Data extracted from a collection:
#####
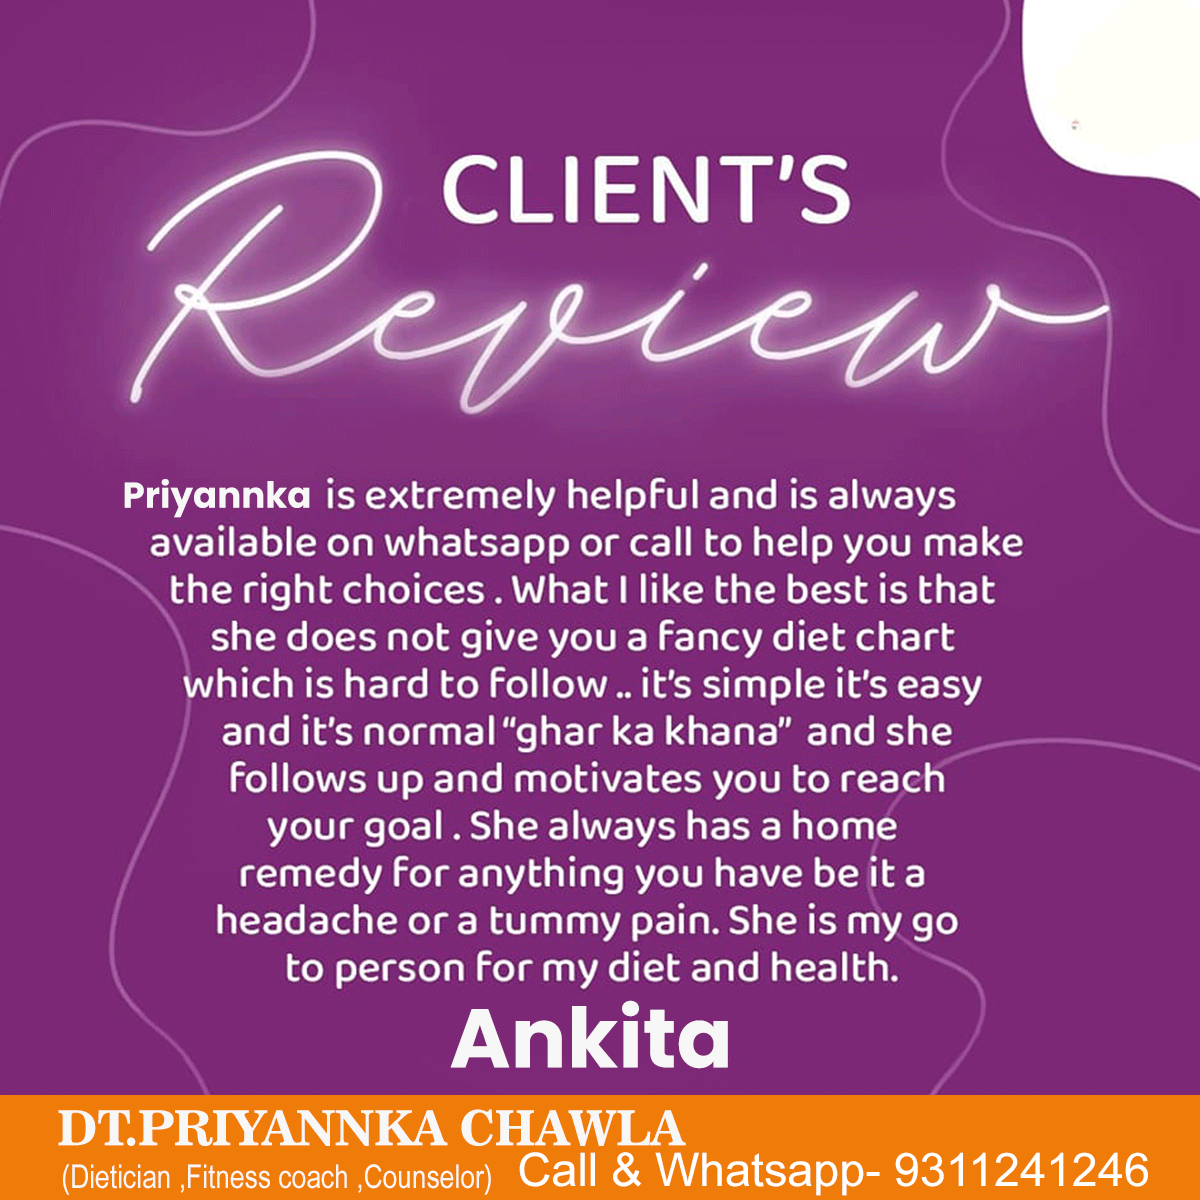 Each and every client review we recieve is a true gift to us! Its this kind of feedback that makes us passionate about what we do. It really makes us feel good
Dt priyannka Chawla ( Dietician,Fitness Coach, Counselor )
Call & Whatsapp- 9311241246
#stayhealthytogether
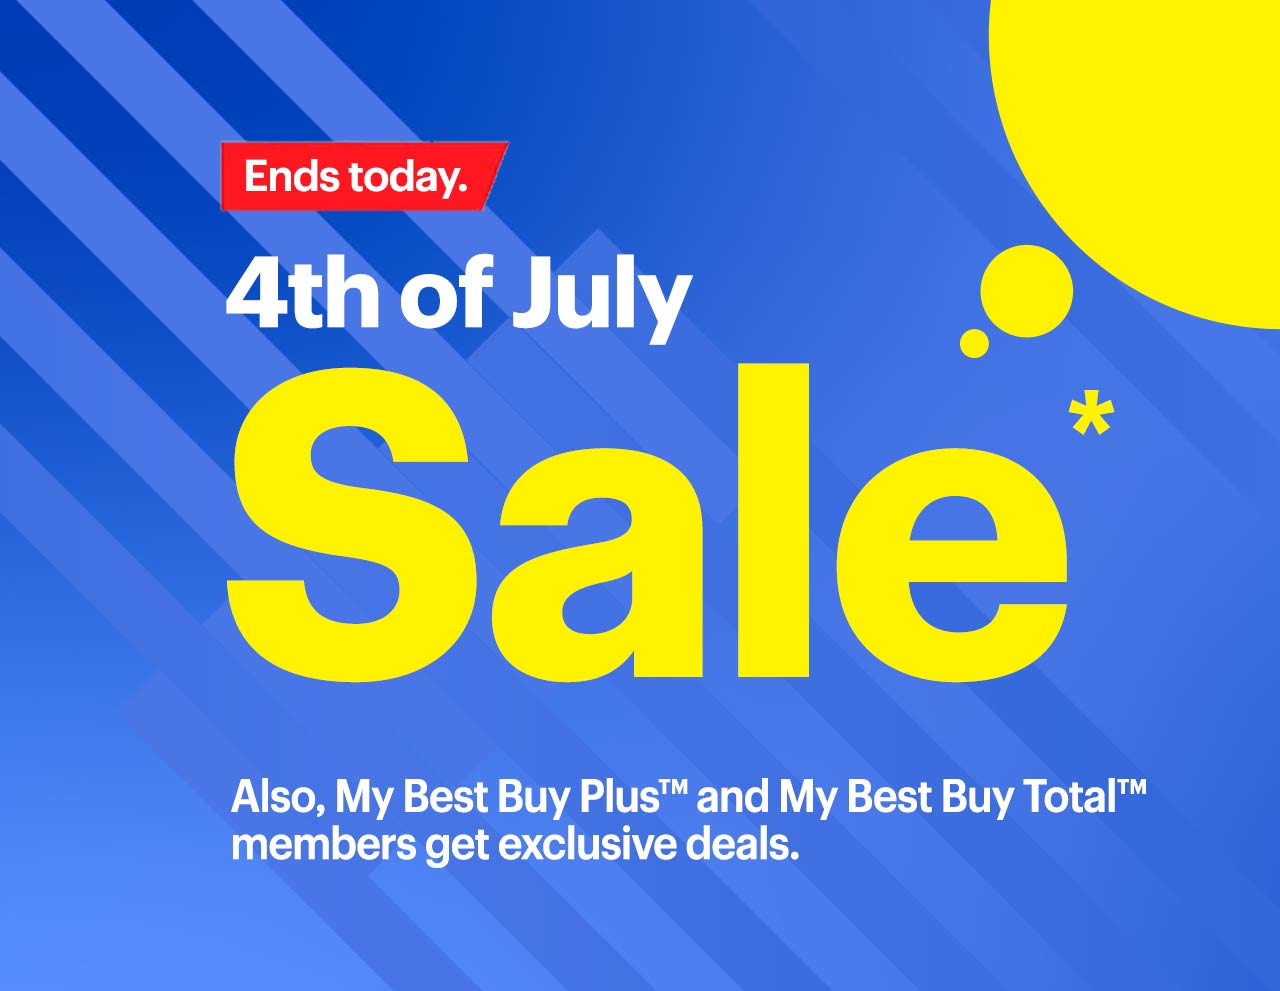 4th of July Sale ends today. Select members save more. Reference disclaimer.
#####
Please transcribe each entry exactly and exclude any image it contains.

ANSWER BOX =>
 Each and every client review we recieve is a true gift to us! Its this kind of feedback that makes us passionate about what we do. It really makes us feel good
Dt priyannka Chawla ( Dietician,Fitness Coach, Counselor )
Call & Whatsapp- 9311241246
#stayhealthytogether
 4th of July Sale ends today. Select members save more. Reference disclaimer.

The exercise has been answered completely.